I'm rather fond of the Oboe Man and like to throw a couple of dollars in his basket (oboe cases aren't very big) when we're in the area. "He's a busker," I said. "Someone who plays impromptu gigs in different parts of the city for money." We pulled out of the parking lot onto the highway, leaving the singing behind.

"Okay, please don't say the word 'gigs," she admonished me, a pained expression on her face. "Is that guy a busker? Because he doesn't seem to have a basket or a tip jar or a hat to pass."
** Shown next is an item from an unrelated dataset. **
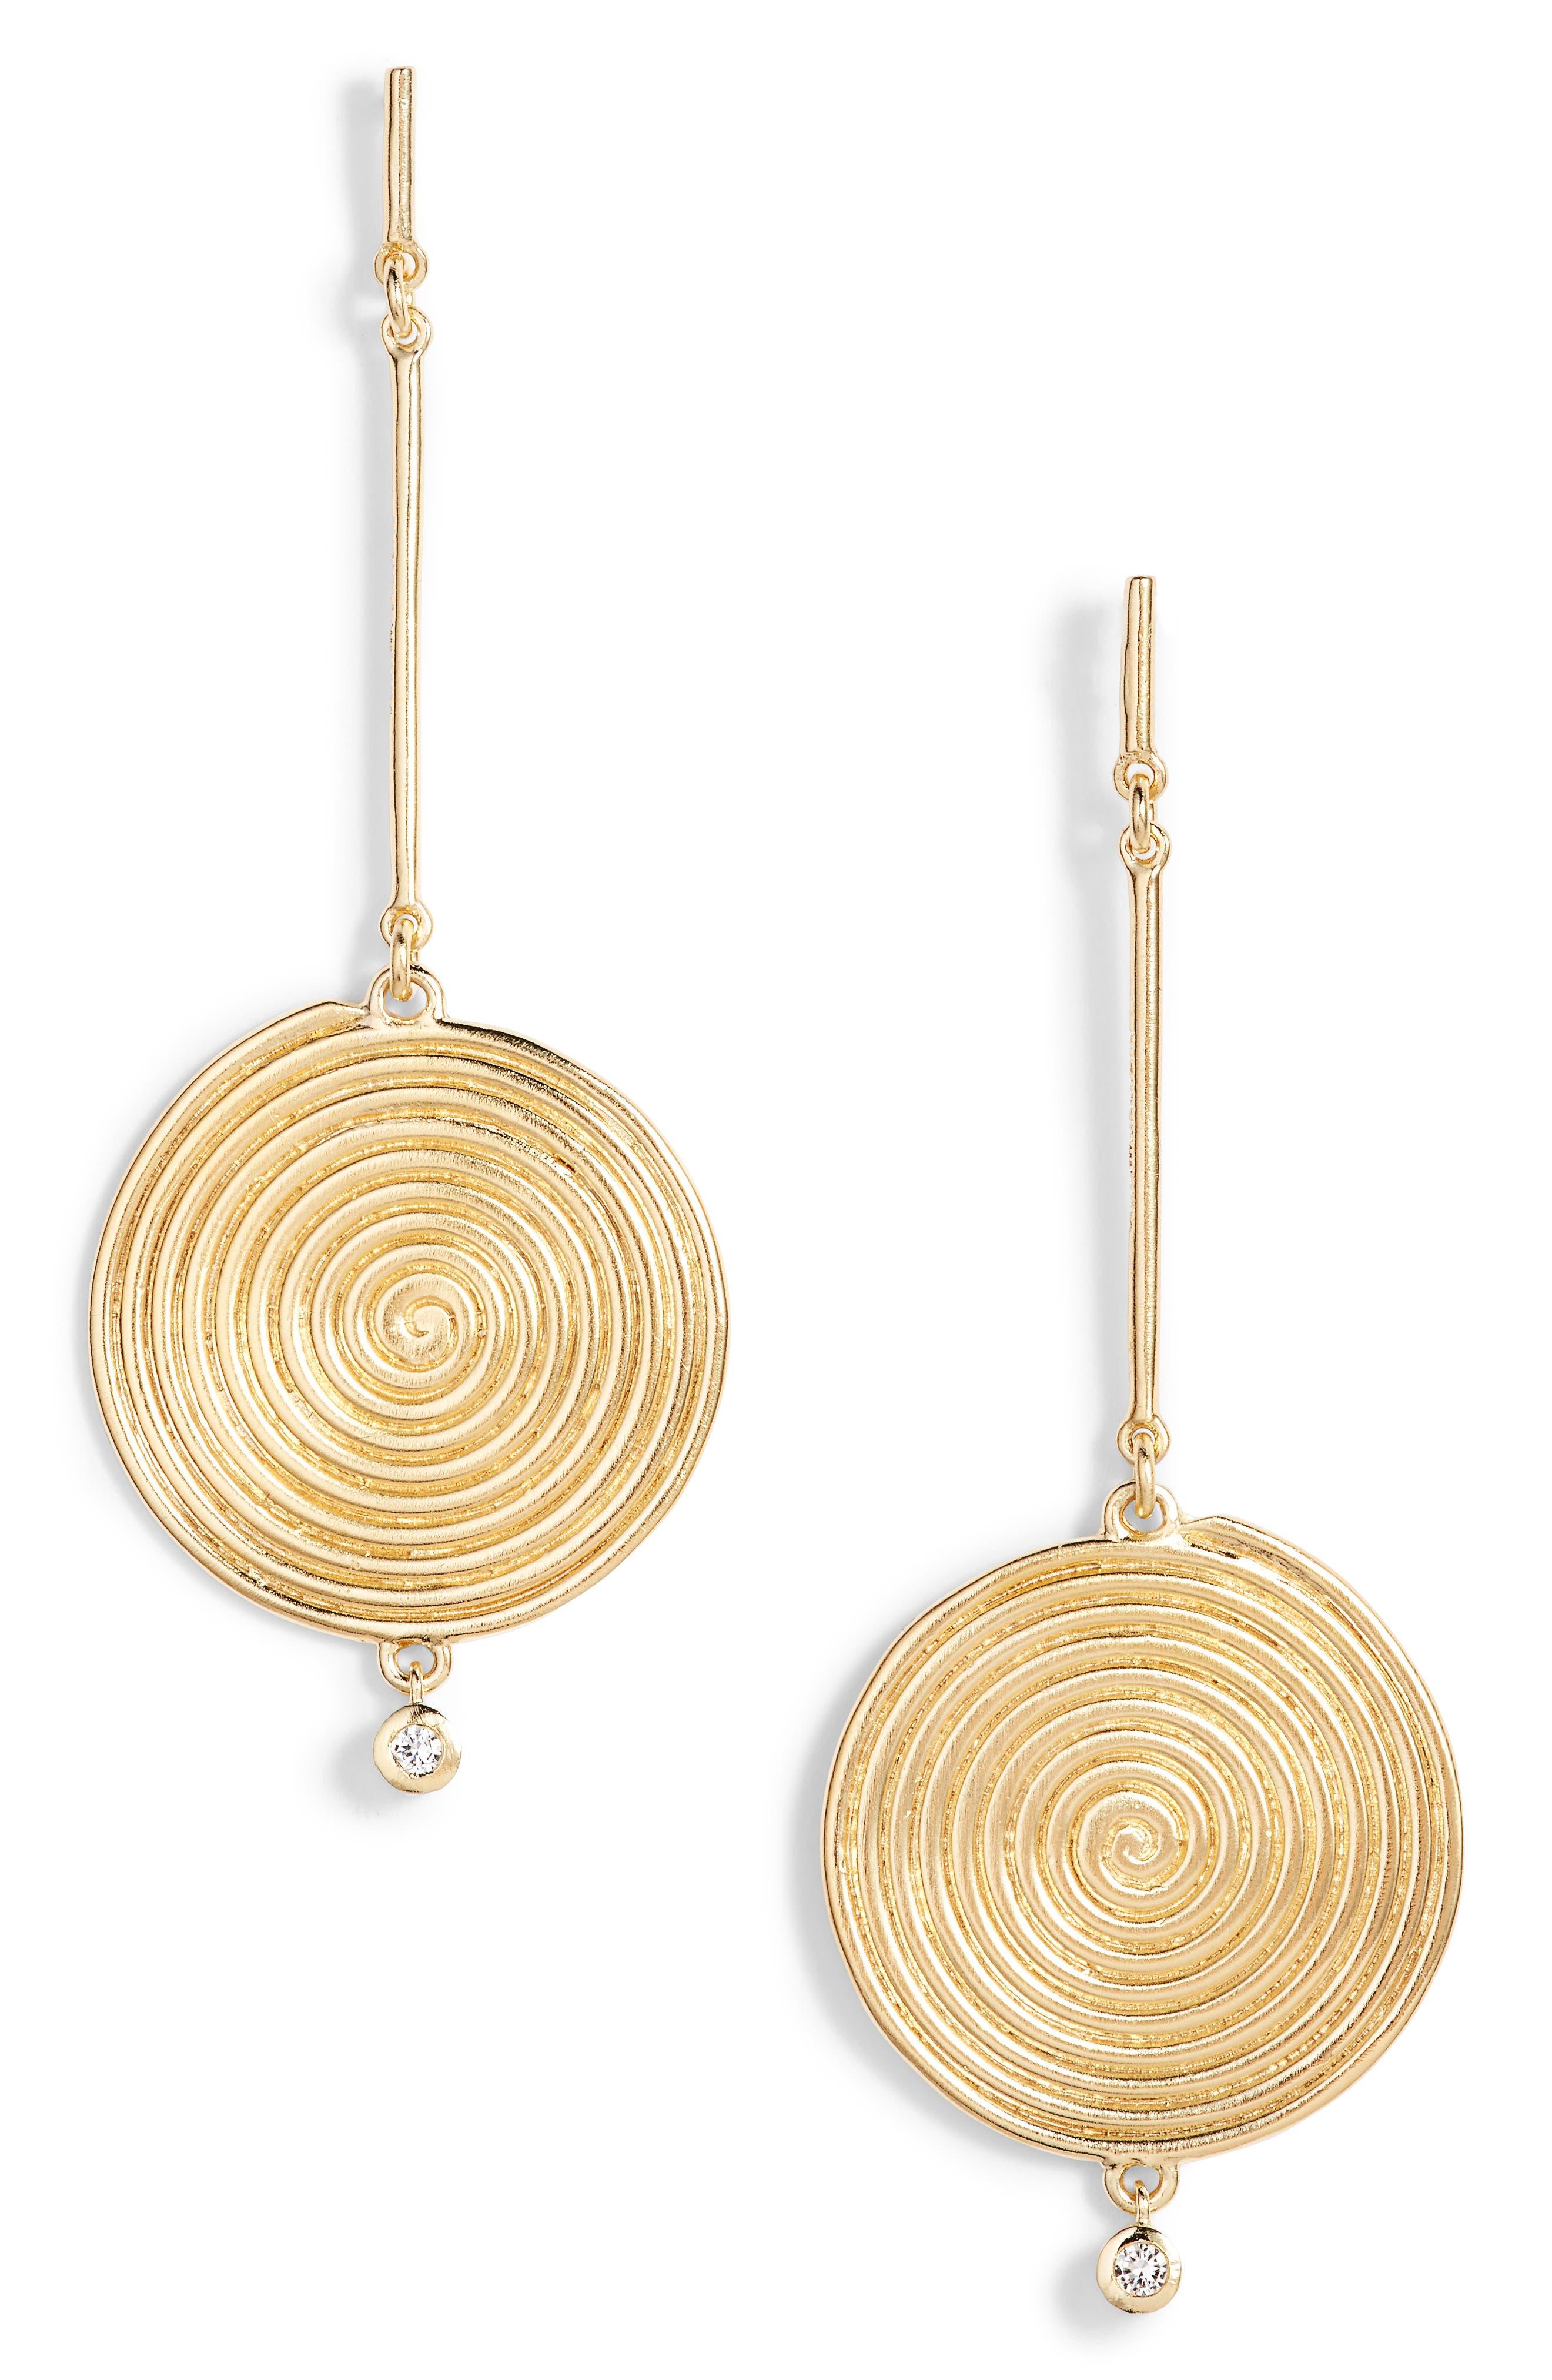 Sullivan - Lainey White Topaz Drop Earrings,                             Main thumbnail 1, color,                             715

"I believe he is just free entertainment," I said. "I wonder if he likes the music of Johnny Cash? We could come back with a picnic and sit on that little grassy hill by the bank. It would be a lot cheaper than Symphony on the Prairie. We could even help out by providing backup vocals and instrumentals."

"Don't even think about it."

"WE GOT MARRIED IN A FEVER! HOTTER THAN A PEPPER SPROUT!!!" I warbled at the top of my voice, throwing my head back and abandoning myself to the persona of a harmless eccentric. Only I could bring a basket for people to throw money in, maybe the Longaberger Medium Market basket with the swinging handles my mom bought me when I was expecting Meelyn.

"STOPPIT!!!" screeched Aisling, mindful of her teenage dignity, even rolling along a state highway in the van with the tinted windows shut tight. "YOU'RE ALREADY WEIRD ENOUGH WITHOUT THE SINGING!"

Hmph. What does she know?

Probably a lot.

1 comment:

lexi said...

Now if he sang "I am the Walrus," coo coo ca choo!